Regarding the new trend in Wi-Fi CSI-based HAR, we observed that few works employed ESP32 microcontrollers and that one of them pointed out a possible instability over time in the collected CSI data that could undermine the performance of HAR systems. Therefore, more research on this topic would be useful to shed light on the mentioned issue and determine its viability in real-life scenarios.

Research objectives

From the identified challenges and opportunities, the following research objectives were defined and will be addressed in successive chapters:

  • RO1: Provide software tools for reliable data collection in Android smartphones and Wear OS smartwatches. Create software libraries enabling the development of smartphone and smartwatch applications for data collection. Make these libraries available as open-source software solutions to the research community, serving as enablers for future HAR research.
  • RO2: Collect HAR dataset of smartphone and smartwatch data from heterogeneous subjects. Generate a public dataset composed of IMU data from a smartphone and smartwatch carefully selecting participants to preserve age diversity and gender balance.
  • RO3: Analyse and compare the effect of the amount of training data, the data source and the model architecture on the performance of ML- and DL-based HAR. Determine how the accuracy of several model architectures evolves regarding the amount of data used for training them and the nature of the data employed. Provide insights that might guide researchers when choosing the amount of data they need to collect, the most suitable data source or the most appropriate model for their HAR systems.
  • RO4: Develop and evaluate an mHealth system using HAR with smartphones and smartwatches. Create an application for off-the-shelve smartphones and smartwatches capable of automating the computation of results of a well-known mobility test and validating it for real-life usage.
  • RO5: Analyse the feasibility of Wi-Fi CSI data for real-life HAR systems. Design experiments to evaluate the use of CSI data collected with ESP32 microcontrollers taking into account the stability of the data over time.

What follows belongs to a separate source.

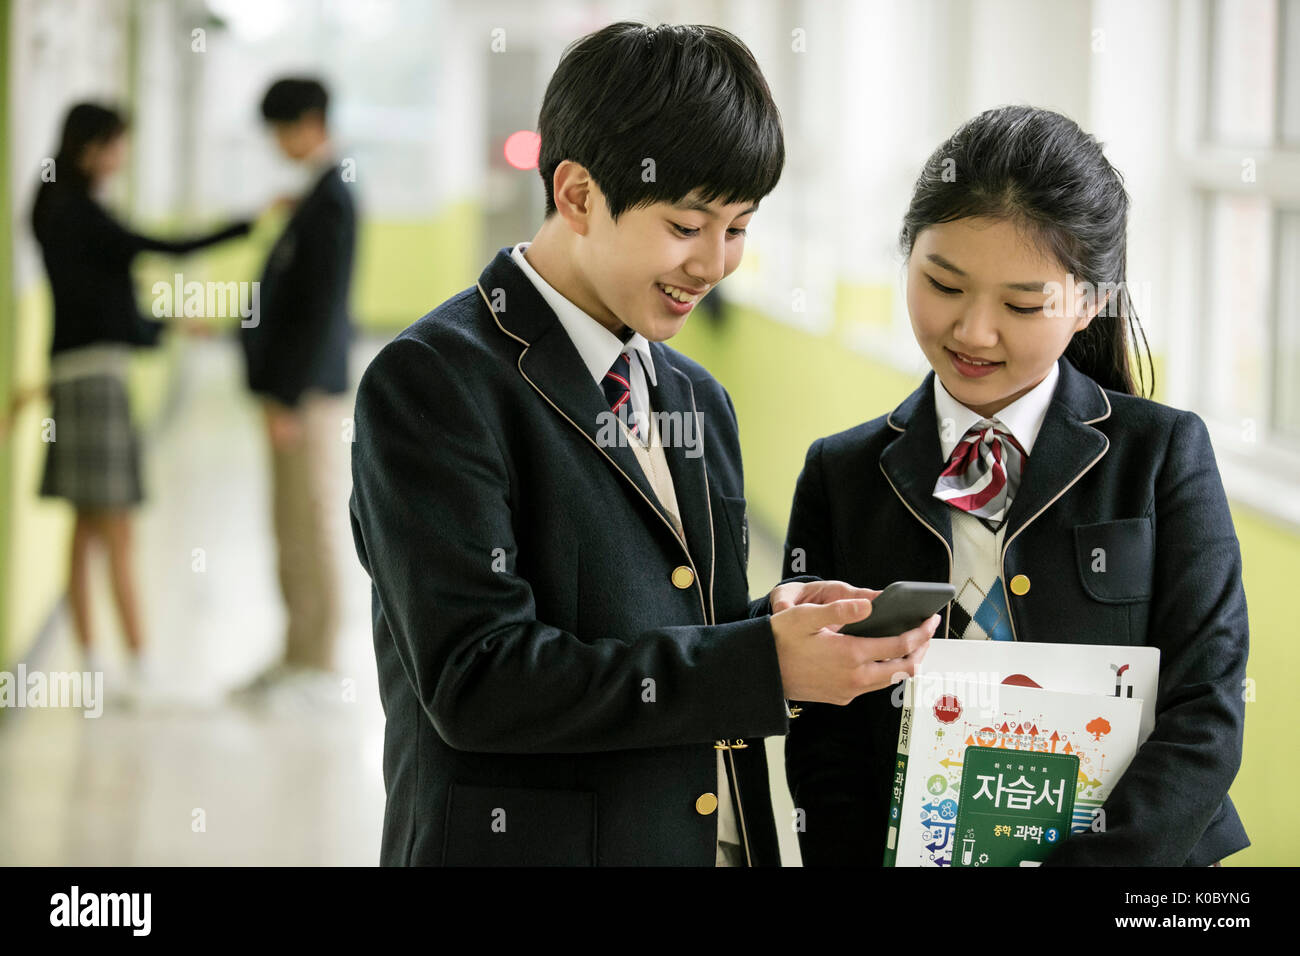 Smiling school garçon et fille de l'école partager un smartphone Banque D'Images

As depicted in Figure 2.1, these research objectives constitute the path of the thesis, which focuses on inertial-based HAR with the development of data collection tools, the collection of a dataset, a study of the factors affecting the performance of ML and DL models, and the development and evaluation of an mHealth application focusing on inertial-based HAR, to finish with a feasibility study of the usage of the Wi-Fi CSI data for HAR.